'Working?' asked Mabel, with some sympathy.
'Well—and cricketing,' he said ingenuously. 'I call it a swindle.'
'He talks quite a dialect of his own,' thought Mabel surprised. 'Vincent didn't. I wonder if Mr. Ashburn can.'
Mr. Ashburn, after a short period of enforced silence spent in uncharitable feelings respecting fair-haired Mr. Pidgely, had been suddenly attacked by the lady on his left, a plump lady with queer comic inflections in her voice, the least touch of brogue, and a reputation for daring originality.

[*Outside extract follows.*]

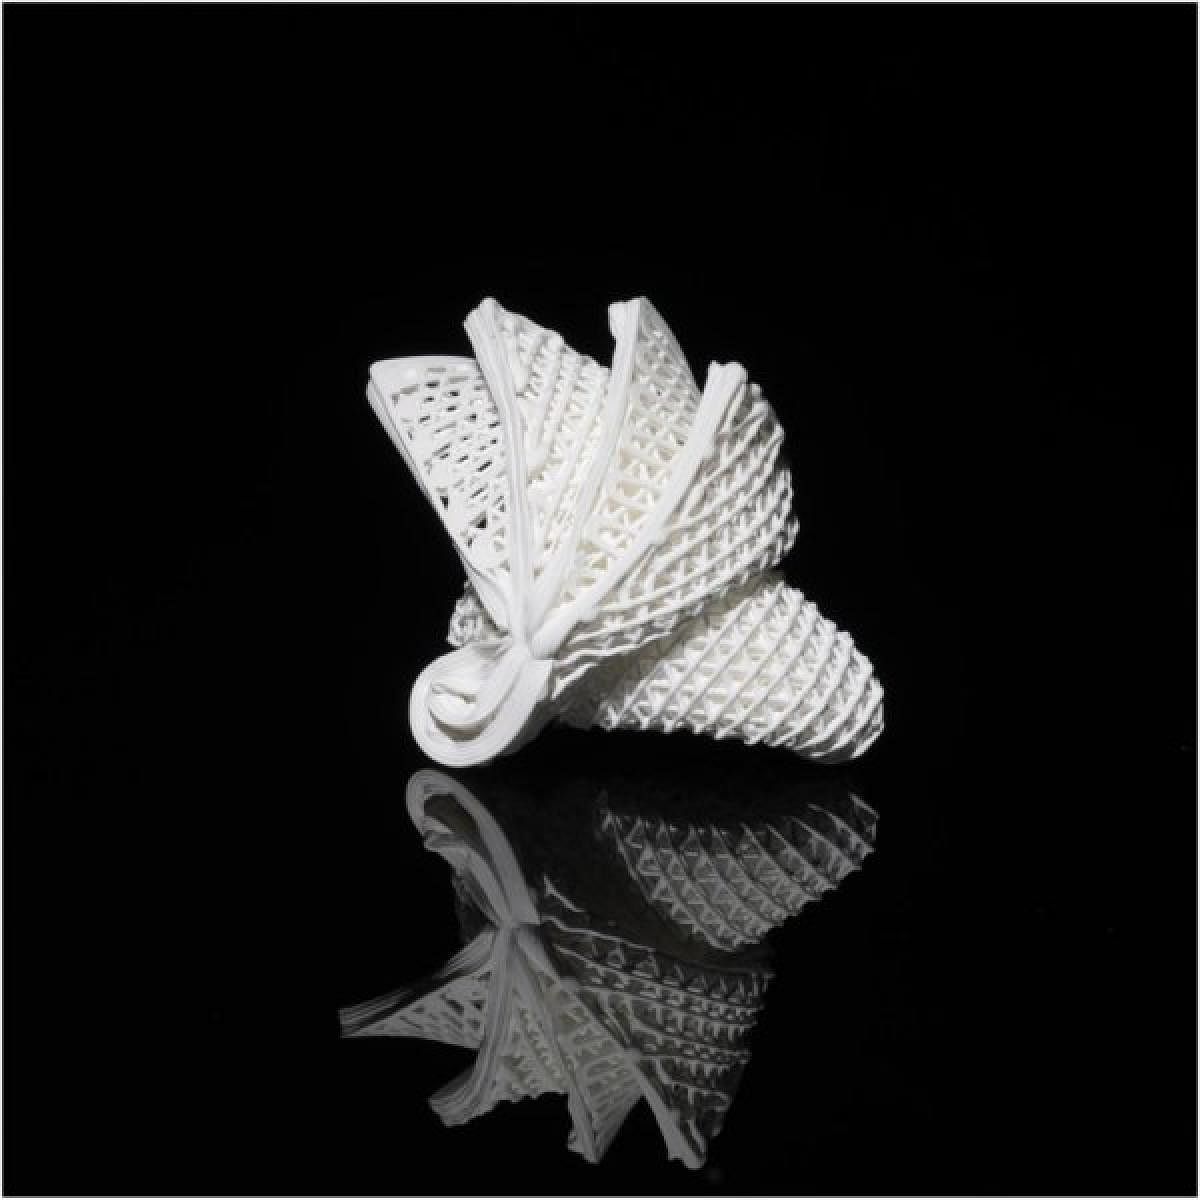 World's first 4D printing for ceramics developed

'I suppose now,' she began, 'ye've read the new book they're talking so much about—this "Illusion"? And h'wat's your private opinion? I wonder if I'll find a man with the courage to agree with me, for I said when I'd come to the last page, "Well, they may say what they like, but I never read such weary rubbish in all me life," and I never did!'
Mark laughed—he could not help it—but it was a laugh of real enjoyment, without the slightest trace of pique or wounded vanity in it. 'I'll make a confession,' he said. 'I do think myself that the book has been luckier than it deserves—only, as the—the man who wrote it is a—a very old friend of mine—you see, I mustn't join in abusing it.'
Mabel heard this and liked Mark the better for it. 'I suppose he couldn't do anything else very well without making a scene,' she thought, 'but he did it very nicely. I hope that woman will find out who he is though; it will be a lesson to her!' Here Mabel was not quite fair, perhaps, for the lady had a right to her opinion, and anything is better than humbug. But she was very needlessly pitying Mark for having to listen to such unpalatable candour, little dreaming how welcome it was to him, or how grateful he felt to his critic. When Mark was free again, after an animated discussion with his candid neighbour, in which each had amused the other and both were on the way to becoming intimate, he found the spoony youth finishing the description of a new figure he had seen in a cotillon. 'You all sit down on chairs, don't you know,' he was saying, 'and then the rest come through doors;' and Mabel said, with a spice of malice (for she was being excessively bored), that that must be very pretty and original.
Mr. Langton was chatting ponderously at his end of the table, and Mrs. Langton was being interested at hers by an account the judge's lady was giving of a protégé of hers, an imbecile, who made his living by calling neighbours who had to be up early.
'Perhaps it's prejudice,' said Mrs. Langton, 'but I do not think I should like to be called by an idiot; he might turn into a maniac some day. They do quite suddenly at times, don't they?' she added, appealing to the professor, 'and that wouldn't be nice, you know, if he did. What would you do?' she inquired generally.
'Shouldn't get up,' said a rising young barrister.